_Task goal_
Within the listing below, please copy exactly the lines between the line holding "Moraine-Farm-wedding-reception-tent" and the line holding "Balmain Admirable - Grey", inclusive.

_Entries shown_
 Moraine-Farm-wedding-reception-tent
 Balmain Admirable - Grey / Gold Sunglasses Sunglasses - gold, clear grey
* * *
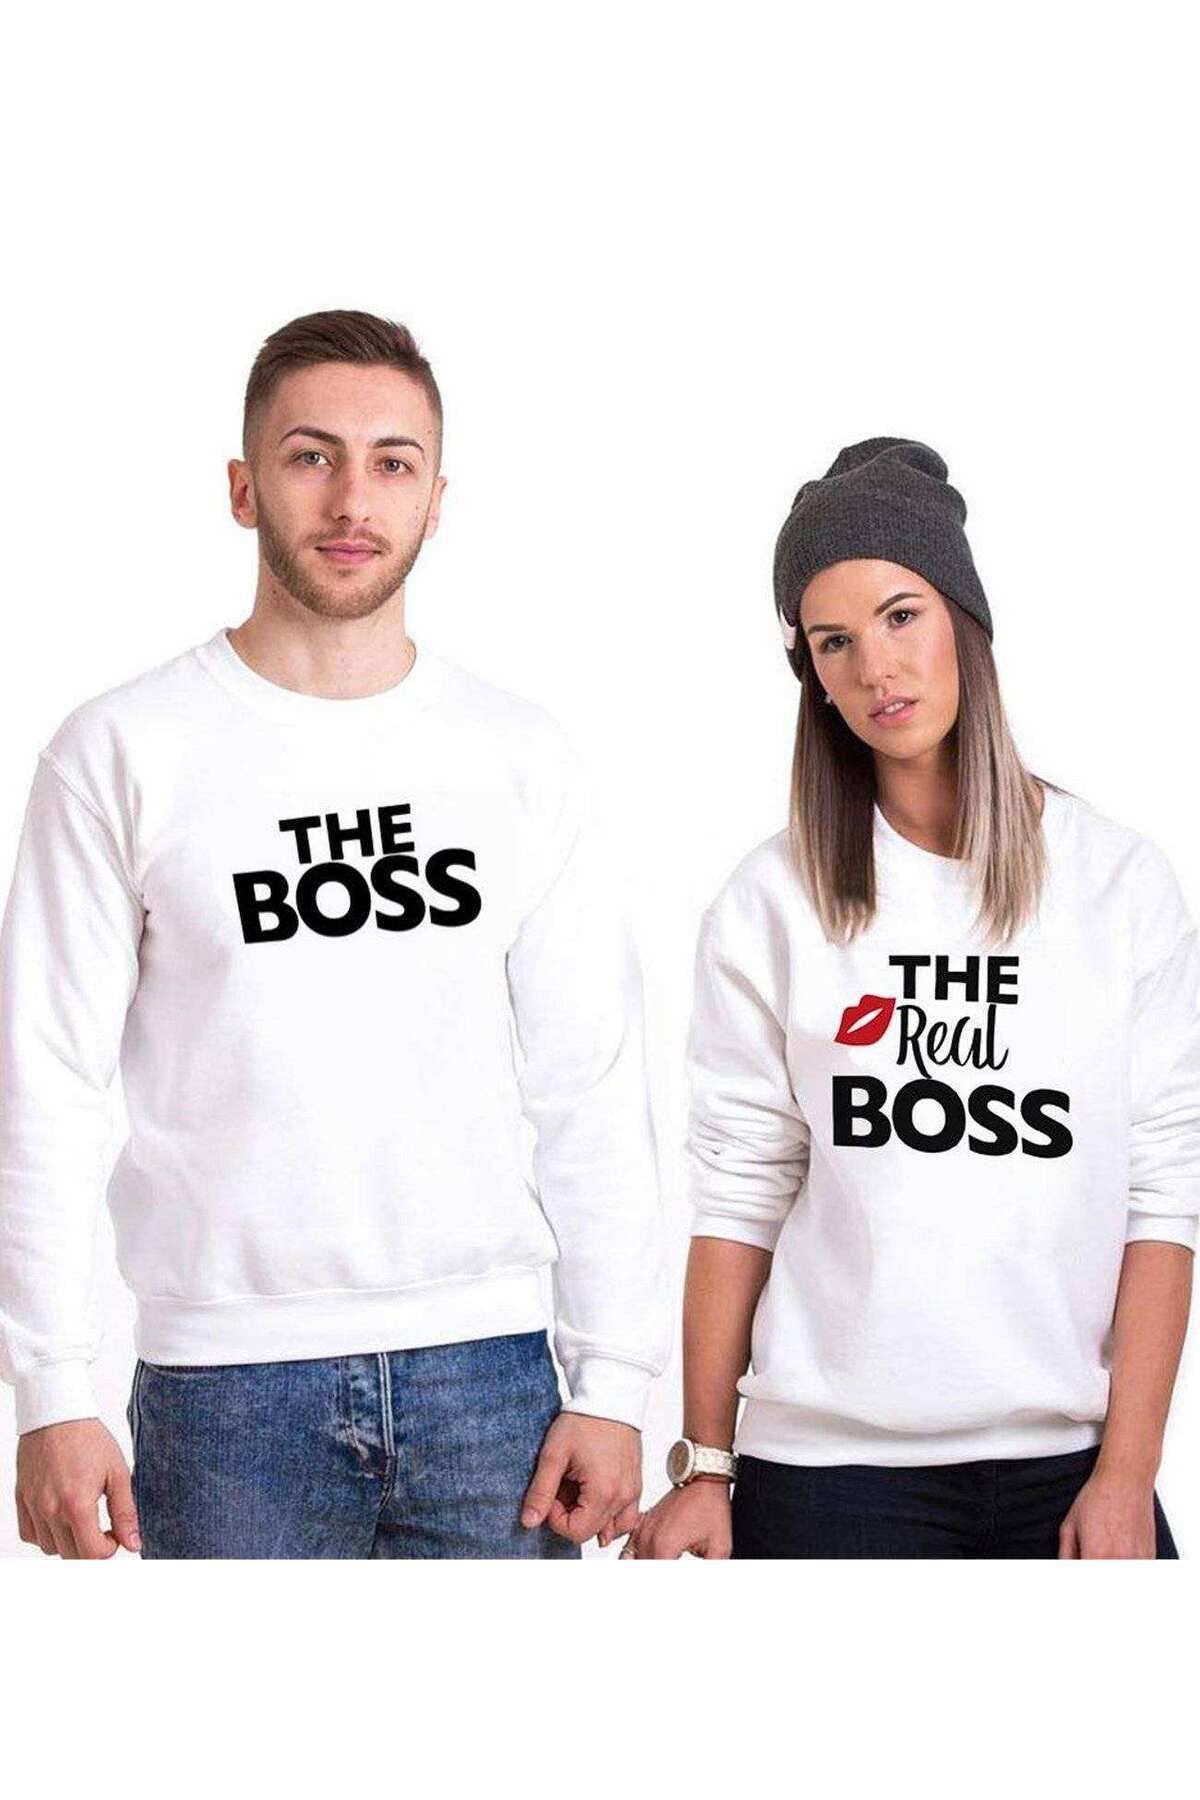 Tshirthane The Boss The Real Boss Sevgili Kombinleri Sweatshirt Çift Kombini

_Result below_
 Moraine-Farm-wedding-reception-tent
 Balmain Admirable - Grey / Gold Sunglasses Sunglasses - gold, clear grey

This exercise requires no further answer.